The question is, how can this be if the State is poor in terms of
per capita income. Though Kerala was poor in terms of per capita
income, it was getting remittances from the migrants outside the
State. The volume of remittances became fairly large since the
mid-Seventies when large numbers of workers started to migrate to
the Persian Gulf. No accurate data on the quantum of remittances
is available. According to a recent study, the volume of
remittances was Rs. 3,530 crores in 1998. If so it would be about
10 per cent of the SDP. The figure is much more according to some
other estimates. Some scholars estimate the remittances at about
25 per cent of the SDP. Needless to say, the per capita income
accruing in the State would have been higher than that of the
country as a whole since the onset of the Gulf migration.
It is the remittances which make Kerala an affluent state. As a
class, the migrants are motivated by expansive wants. Naturally,
purchase of sophisticated consumer durables, construction of posh
houses etc., have become the main pattern of expenditure. Many of
the migrants purchase land as a form of permanent investment. A
portion of the money thus being spent, very often in a lavish
manner, trickles down to different sections of society.
The fall in the incidence of poverty, rise in agricultural wages
are concomitant to this spending pattern. Significantly, Kerala
society began to display signs of affluence such as increases in
wages, rise in bank deposits, brisk construction activities, fall
in the incidence of poverty etc., only since 1980, when migration
and remittances became brisk. Remittances provide the means
without which such redistribution and improvement in the standard
of living would have been well-nigh impossible. Militant
agitation and redistribution policies have helped to trickle down
the remittances among the weaker sections smoothly and quickly,
and thereby helped to improve their living standards.

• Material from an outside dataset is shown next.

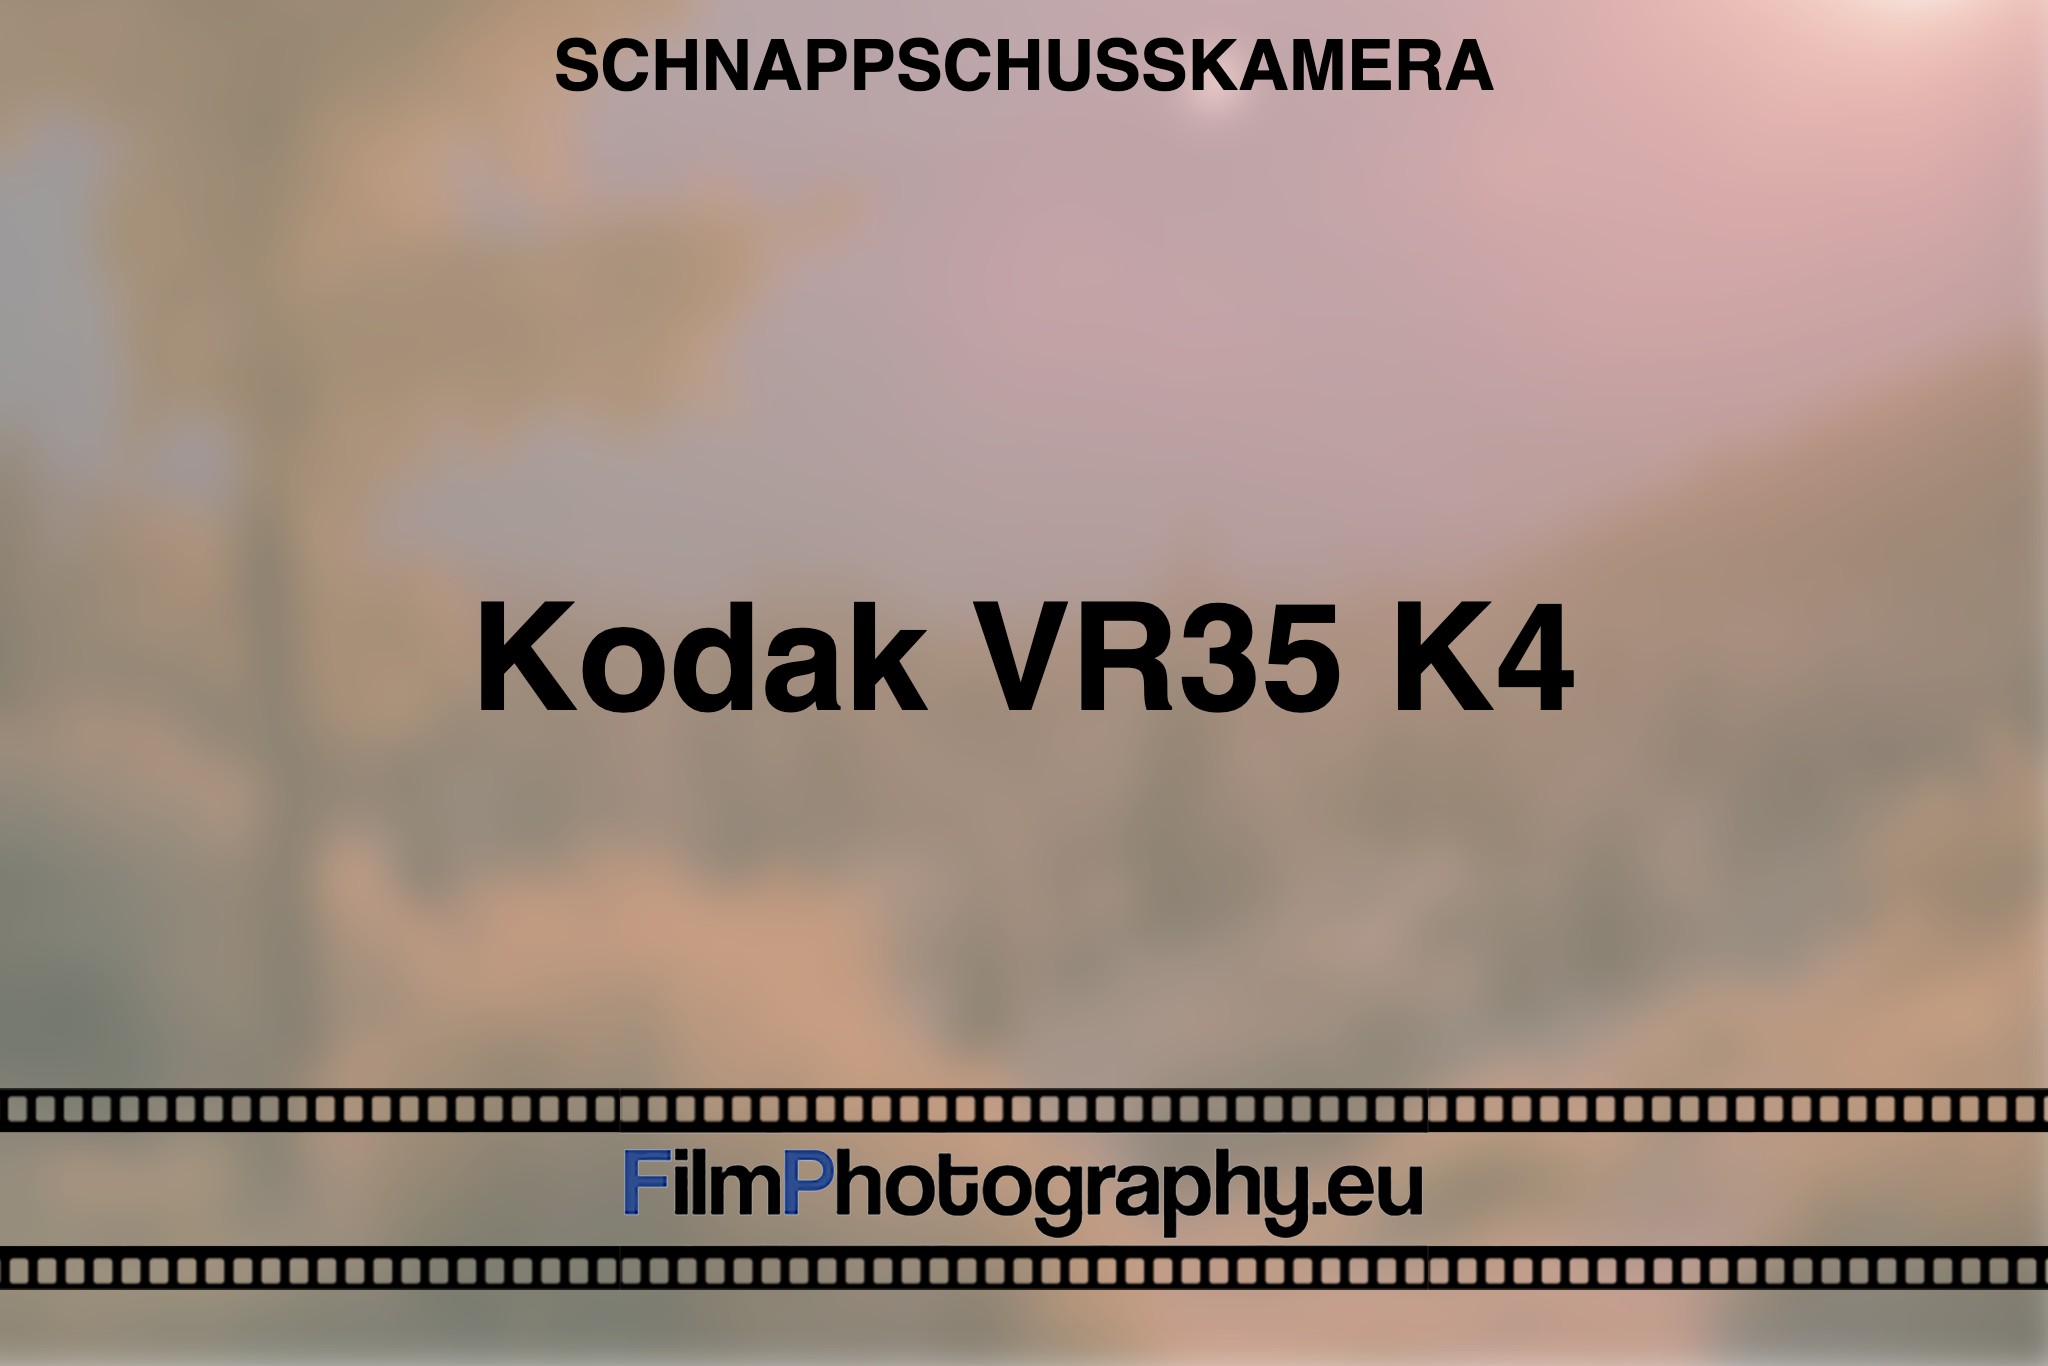 kodak-vr35-k4-schnappschusskamera-bnv

The main drawback of the Kerala model of development, which
relies on remittances for its apparent prosperity, is its failure
to strengthen the base of the economy, particularly industry. The
registered sector of the manufacturing industry hardly accounts
for seven per cent of the SDP even in 2000, against 13 per cent
in the country as a whole. The key factor retarding the
industrial development appears to be labour militancy, which was
acclaimed as the determining factor in the redistribution
process. On the other hand, insofar as industrial development is
concerned some sort of a reverse working of the ``circular
causation'' seems to be evident, in which militancy retards the
other factors from moving forward.
The findings of a research study pinpoint labour unrest as the
major impediment to the diversification of the industrial base
during the Fifties and Sixties. The situation did not improve
even during the Eighties and the Nineties when huge bank deposits
which could be used for investment were available. In the face of
the militancy of organised labour, entrepreneurs seem to be
reluctant to invest in industrial ventures in Kerala. In fact,
instances of entrepreneurial migration on account of labour
militancy were reported. Not surprisingly, the average volume of
fixed capital formation in the factory sector of Kerala was only
1.48 per cent of the total in India even during the beginning of
the Nineties. Though militancy as such has been declining in
recent years, the legacy hangs on - ``the evil that men do lives
after them''.
The Kerala model of development which relies on the remittances
instead of a strong economic base for the apparent prosperity is
like a castle built in sand. The whole process of redistribution
and social progress will be jeopardised once the remittances are
discontinued. There is no certainty that the remittances will
continue for ever. Timely action should be taken to make use of
the remittances to strengthen the economic base. The political
leaders and policy-makers should strive to evolve suitable
strategies for using the remittances for this purpose instead of
pursuing populist policies and stage-managed development
programmes. Otherwise, the better future which the model projects
may turn out to be a bitter one.
(The writer is Senior Fellow, ICHR).